Greek Prime Minister Mr Tsipras has resigned, and so Greece is heading off to elections in September. As The Wall Street Journal reports,
Elections offer Mr. Tsipras the chance to expel the rebels from Syriza and return to office as head of a more cohesive party. Greek and European policy officials hope that such an outcome could improve Mr. Tsipras’s ability to pass painful retrenchment measures and keep the bailout loans flowing.
We had Greek elections in January. Back then, Mr Tsipras emerged as the new prime minister leading Syriza, a coalition of extreme left wing movements, to electoral victory. Most recently Mr Tsipras called people to the ballot box in July, for a referendum over the deal with the European Union then under discussion. Mr Tsipras eventually signed a bail-out agreement, in spite of the victory of the “no” at the referendum. In a few weeks, he had to face another referendum, this time within his own party.
All in all, it seems Mr Tsipras is far less of an extremist than he looked in January, when he won office. He is calling elections to get rid of his internal opposition and reassert his own leadership. Note that he waited for the German Budenstag to ratify the Greek bailout.
This is however a bold game. Tsipras’s Party is credited with around 32/34% of the votes, according to the last opinion polls. This is far from a bad result, given the tenure of Mr Tsipras. But keep in mind that Greece has a proportional-representation electoral system, though “reinforced” with devices that ensure that the party which wins a plurality of votes cast is awarded an extra 50 seats. Even when they won elections in January, Tsipras and his party needed a coalition partner–from the extreme right–to govern. Is Tsipras going to renew that coalition, or will he attempt to establish a new one?
Generally speaking, political instability can hardly be good in this moment for Greece. Many read Tsipras as aiming to secure a stronger, relatively more moderate and reliable coalition to govern. His coup de theatre was generally appreciated by the international press, which seems convinced that Tsipras became a “man to do business with” for the creditors.
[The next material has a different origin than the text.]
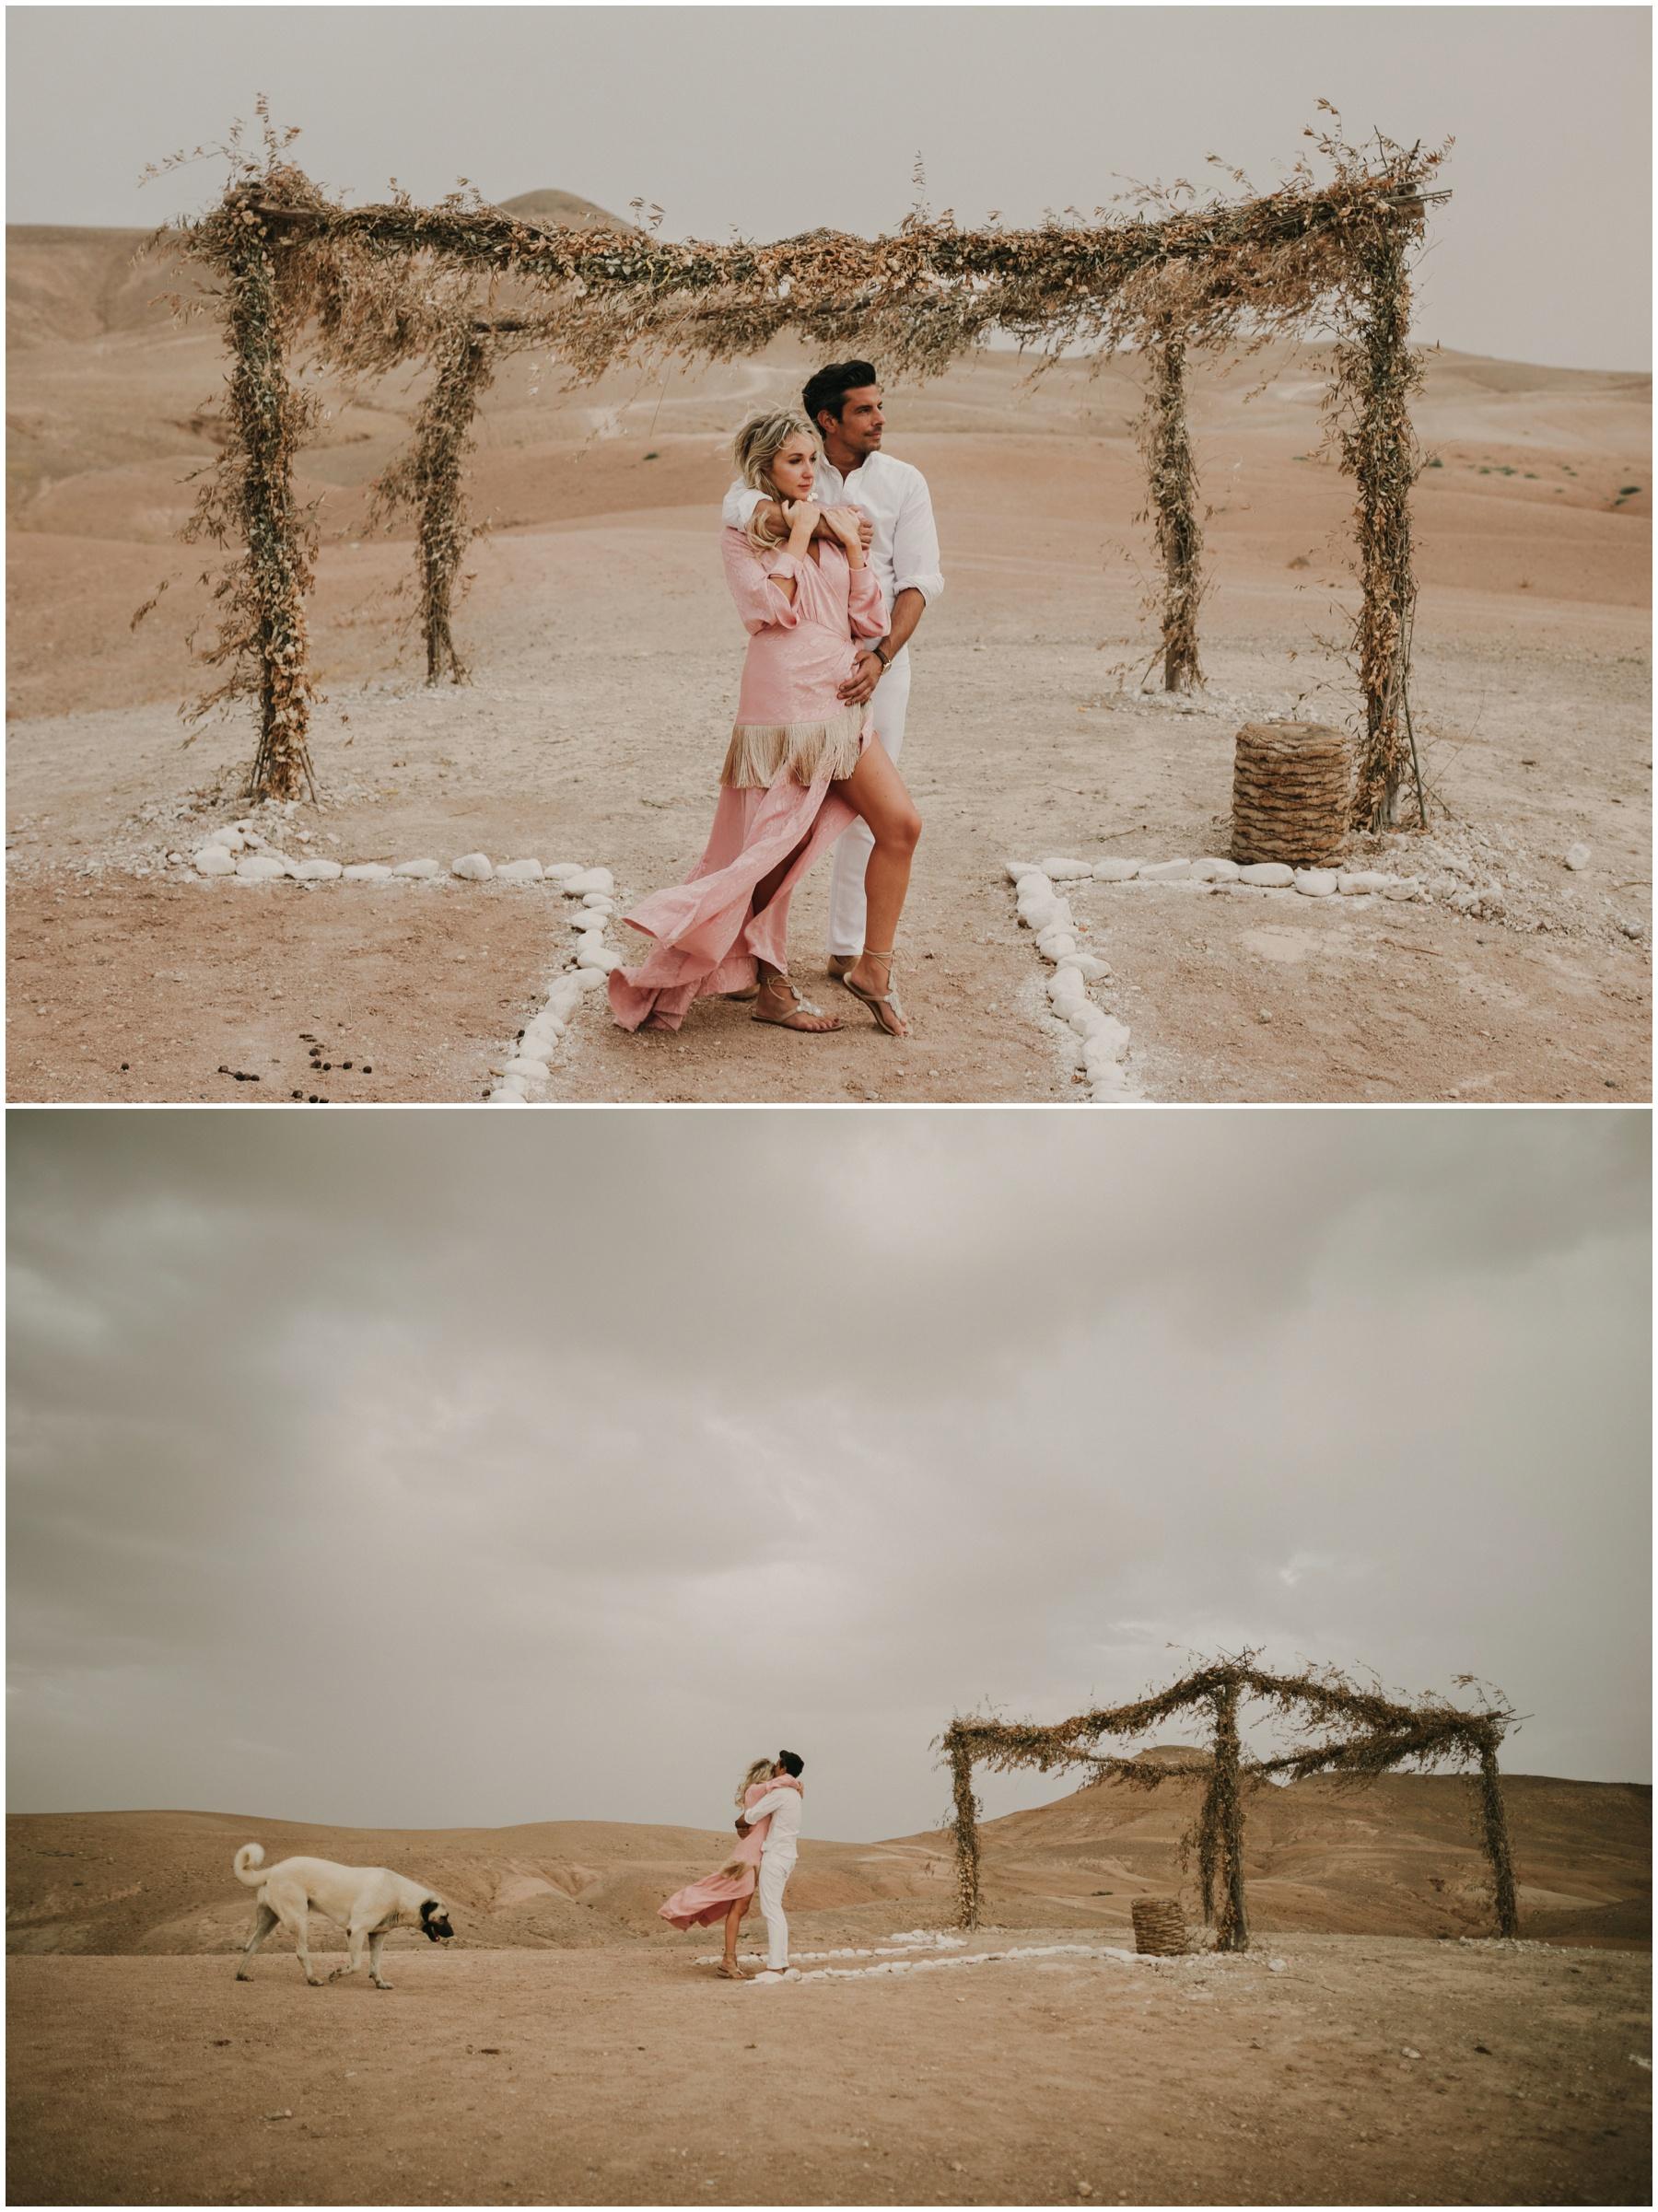 Marrakech Wedding La Pause 009.JPG

But are we sure he is? We won’t be necessarily applauding somebody that calls on elections to smash his opposition (though it is a very understandable conduct). Why should it be commendable, in the case of Tsipras? Hasn’t the mainstream press accepted his conversion from crackpot communist to “normal” social democrat too quickly? And what about the Greeks? They voted for Tsipras and Syriza in January not to swallow the Troika medicine – should now vote for them to do it?
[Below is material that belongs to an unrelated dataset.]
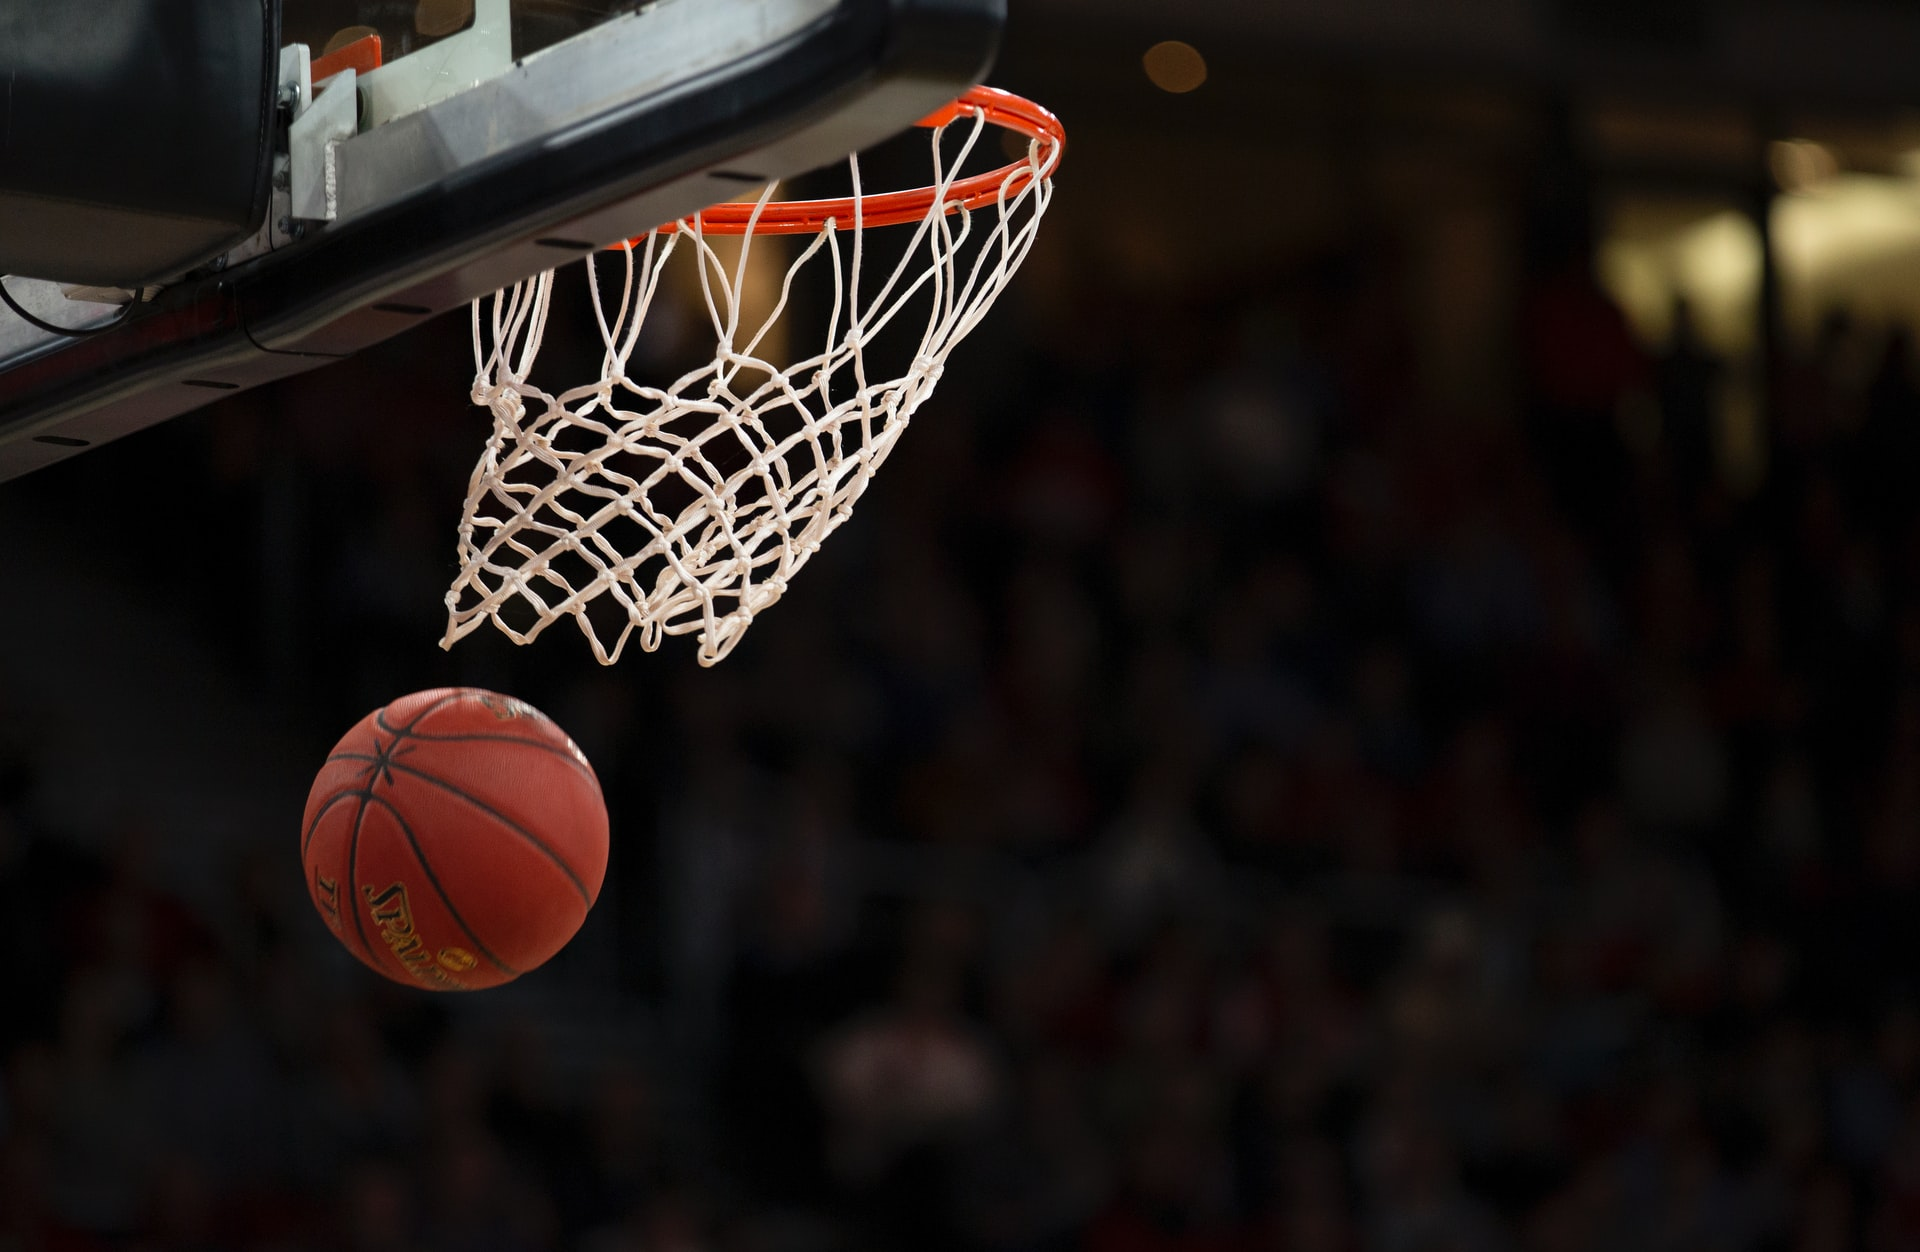 Photo of a basketball going through a hoop

Also, in the fall we’ll have elections in Portugal and Spain, too. Greece will precede them. What kind of scenario can another Tsipras victory help to materialize? Can we imagine a domino effect in these countries shifting to the left? Or, on the contrary, the fragility of Syriza will make the populist left all of the sudden a less attractive option?
READER COMMENTS
George J. Georganas
Aug 23 2015 at 3:36pm
I know this is going to sound strange to any non-Greek audience.
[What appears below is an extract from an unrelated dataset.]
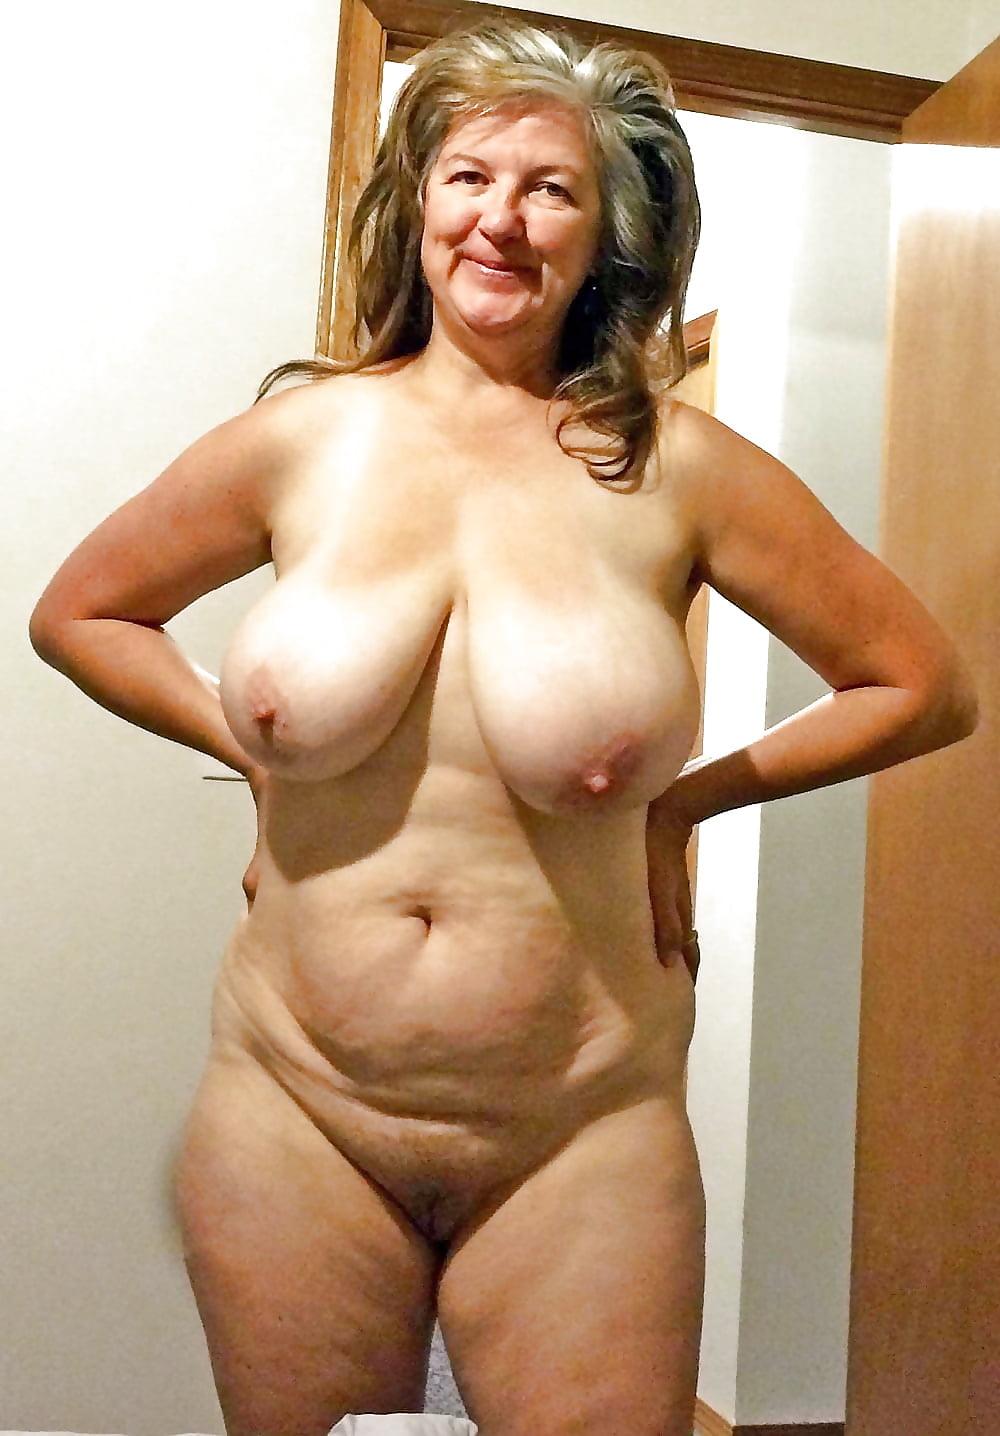 ugly-old-naked-ladies

At least 45% of the Greek electorate expect to earn their living by selling, at a reasonable price, their vote. How does one come to that figure ? In the elections of May 2012, after it had become clear that the two mainstream parties would no longer have access to borrowed money abroad, so as to dispense the usual clientelist favours, those two parties lost 45 percentage points of the popular vote. Mr Tsipras emerged as a prospect for those desperate people who lack any skills that would enable them to compete in world markets. Their primary concern is survival, not the democratic ideal of voting for the greater good of the whole country or, even, of one’s social class interests. Now that Mr Tsipras has agreed a program that will reduce the costs of parasitism, but not eliminate them, they will grudgingly vote for him in the hope that we will be able to tweak the program a little in their favour. Of course, the Greek economy will not take off. Unless some major disaster occurs, Greece will have a slow recovery. Many more Greeks looking to do better will have to emigrate, just as they did during the “golden” years of 1953-1973. The country was able to afford a standard of living far higher than its productive powers could provide by receiving the remittances of its emigrants and sailors who laboured in the world markets. In a sense, the period 2002-2009 was a rerun of that earlier “prosperous” period. Except this time the money that flowed into Greece was not equity but debt.